There are so many aspects to good dining – décor, ambiance, and of course terrific food. However, if you want to give your guests a truly special experience, it’s important to learn the fundamentals of food and wine pairings.

First, the basics. Some of the more common wine varieties, listed from lightest to heaviest, include:

Whites: Pinot Grigio, Sauvignon Blanc, Riesling, Chardonnay, Viognier

Reds: Pinot Noir, Merlot, Syrah, Cabernet, Zinfandel

Each of these varietals has unique flavors. Some of these flavors can be subtle while others can dominate your taste buds.


Pinot Grigio – apple, pear

Sauvignon Blanc – citrus, herbaceous

Riesling – lime, citrus, tropical fruit

Chardonnay – apple, pear, tropical fruit, vanilla, butter


Pinot Noir – light red fruit (strawberry, cranberry, raspberry), earthy (mushroom, cedar)

Merlot – cherry, black fruits, vanilla

Syrah – spice (pepper), blueberry, black fruits

Cabernet – cassis, black fruits, vanilla

Zinfandel – wild black fruits (brambleberry, blueberry)

When it comes to pairing wine with food, you want to pick wine that will either complement or contrast the primary flavors and/or “mouthfeel” (think weight on the palette) of the food being served. These flavors do not usually come from the actual “meat” of the dish, but rather the sauce or preparation. Therefore, it is possible to break the generalization of red wine with red meat and white wine with fish, poultry, or pork.

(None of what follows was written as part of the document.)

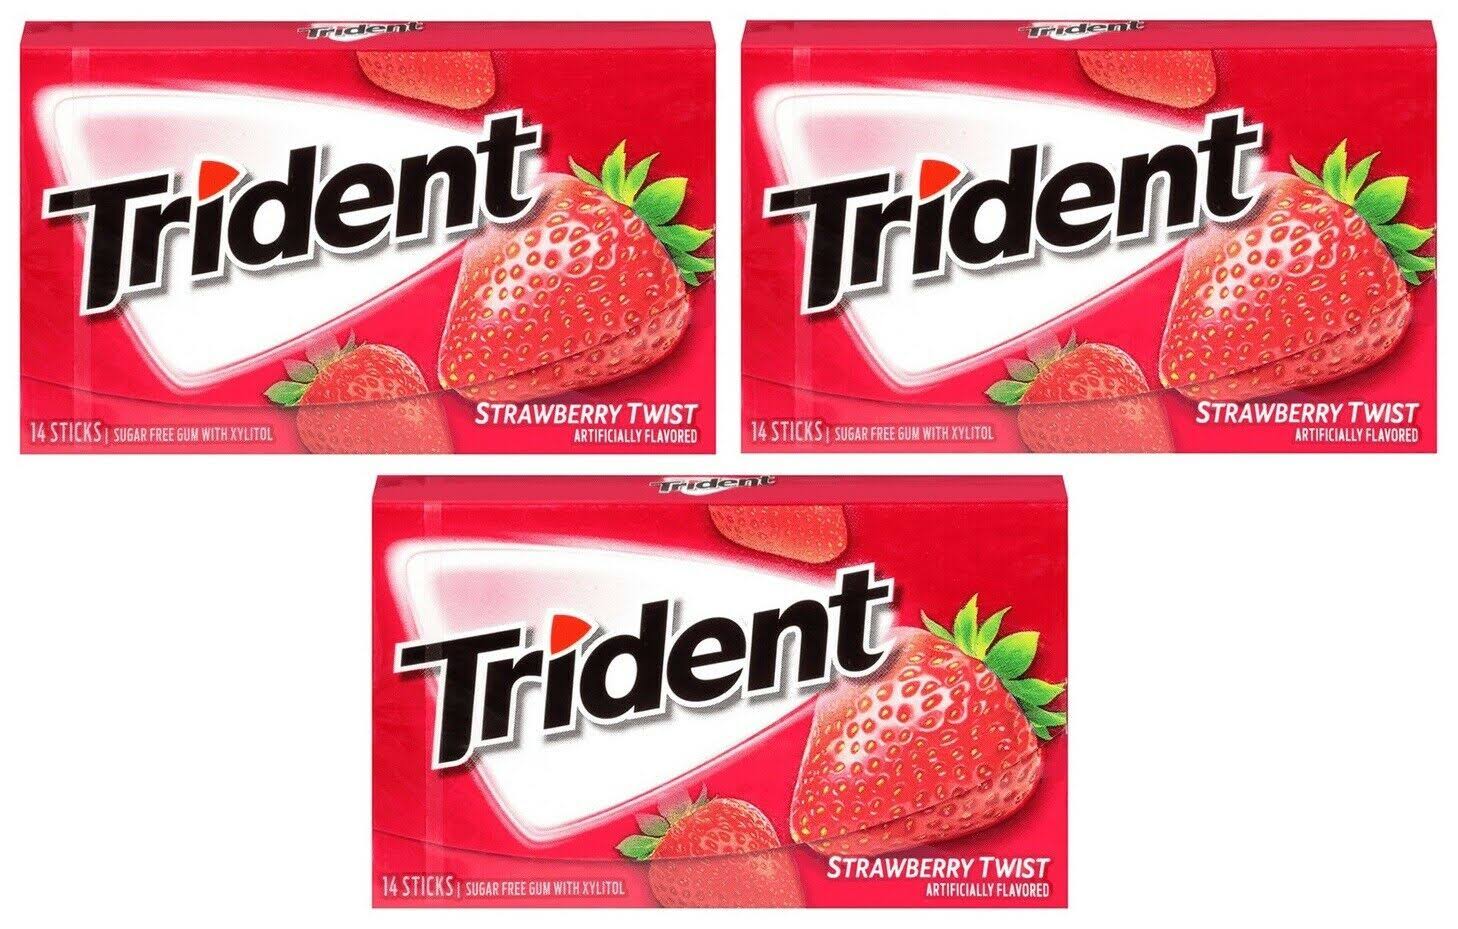 Trident Strawberry Twist Gum

The general pairings below are suggested by the weight of the wine – in other words, the first wine suggested is the lightest and the last the heaviest. The asterisk denotes the most “traditional” pairing for both a red and white.

Beef – Pinot Noir, Merlot, Cabernet*

Duck/Game – Pinot Noir*, Syrah, Merlot

Lamb/Veal – Pinot Noir*, Merlot

Pasta – Pinot Grigio*, Sauvignon Blanc, Chianti*, Merlot

Pork – Pinot Grigio*, Chardonnay, Pinot Noir, Syrah*, Merlot

Poultry – Pinot Grigio, Sauvignon Blanc*, Chardonnay, Pinot Noir*

Salmon – Pinot Grigio*, Chardonnay, Pinot Noir*

Crab/Lobster – Pinot Grigio, Riesling, Chardonnay, Viognier*

Tuna – Chardonnay, Pinot Noir, Syrah, Merlot

White Fish – Pinot Grigio, Riesling, Sauvignon Blanc, Pinot Noir

Vegetarian – Pinot Grigio, Sauvignon Blanc*, Pinot Noir*, Merlot

Creating menus that include appropriate wines can really take your get-togethers to the next level. Of course, there’s a skill to learning to pair food with wine, but the fun of learning is in the practice!